== Activity ==
In the entries below, which lines run from the one containing "Lindbergh Linen pants grey / grey" to the one containing "Verifikasi Berkas Pendaftar"? Copy exactly those lines, ends included, and no others.

== Dataset records ==
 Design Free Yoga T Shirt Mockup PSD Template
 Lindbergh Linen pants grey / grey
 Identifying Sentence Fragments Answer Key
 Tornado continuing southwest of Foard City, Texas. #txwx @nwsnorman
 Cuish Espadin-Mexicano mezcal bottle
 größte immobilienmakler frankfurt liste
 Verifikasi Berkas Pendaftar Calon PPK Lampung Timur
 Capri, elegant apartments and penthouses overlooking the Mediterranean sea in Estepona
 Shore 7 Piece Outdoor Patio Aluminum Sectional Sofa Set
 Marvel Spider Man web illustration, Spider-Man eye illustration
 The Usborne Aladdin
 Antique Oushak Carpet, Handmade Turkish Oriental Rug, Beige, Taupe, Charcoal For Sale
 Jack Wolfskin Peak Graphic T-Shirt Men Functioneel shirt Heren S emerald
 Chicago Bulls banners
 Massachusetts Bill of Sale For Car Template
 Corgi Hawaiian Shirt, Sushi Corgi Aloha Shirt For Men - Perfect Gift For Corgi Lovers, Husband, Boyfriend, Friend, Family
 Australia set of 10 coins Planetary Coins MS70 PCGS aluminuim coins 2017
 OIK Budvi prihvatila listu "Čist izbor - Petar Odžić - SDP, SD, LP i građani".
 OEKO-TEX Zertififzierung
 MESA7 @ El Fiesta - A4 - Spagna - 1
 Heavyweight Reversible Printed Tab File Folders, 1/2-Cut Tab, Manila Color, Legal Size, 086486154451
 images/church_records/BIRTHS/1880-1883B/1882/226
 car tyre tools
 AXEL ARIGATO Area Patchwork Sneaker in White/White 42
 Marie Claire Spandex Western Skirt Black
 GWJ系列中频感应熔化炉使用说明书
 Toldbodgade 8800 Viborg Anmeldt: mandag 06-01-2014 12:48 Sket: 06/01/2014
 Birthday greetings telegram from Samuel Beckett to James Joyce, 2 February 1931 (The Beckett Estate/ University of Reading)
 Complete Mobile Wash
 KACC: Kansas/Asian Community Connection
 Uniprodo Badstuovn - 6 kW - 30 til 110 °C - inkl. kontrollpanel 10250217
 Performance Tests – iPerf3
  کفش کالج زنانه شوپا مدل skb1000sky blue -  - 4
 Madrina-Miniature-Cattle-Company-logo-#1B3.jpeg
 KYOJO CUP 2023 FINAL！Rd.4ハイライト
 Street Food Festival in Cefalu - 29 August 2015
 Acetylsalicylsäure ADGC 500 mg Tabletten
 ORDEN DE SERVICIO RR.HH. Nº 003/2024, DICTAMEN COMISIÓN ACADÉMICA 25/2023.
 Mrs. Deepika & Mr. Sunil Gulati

== Output of the task ==
 Lindbergh Linen pants grey / grey
 Identifying Sentence Fragments Answer Key
 Tornado continuing southwest of Foard City, Texas. #txwx @nwsnorman
 Cuish Espadin-Mexicano mezcal bottle
 größte immobilienmakler frankfurt liste
 Verifikasi Berkas Pendaftar Calon PPK Lampung Timur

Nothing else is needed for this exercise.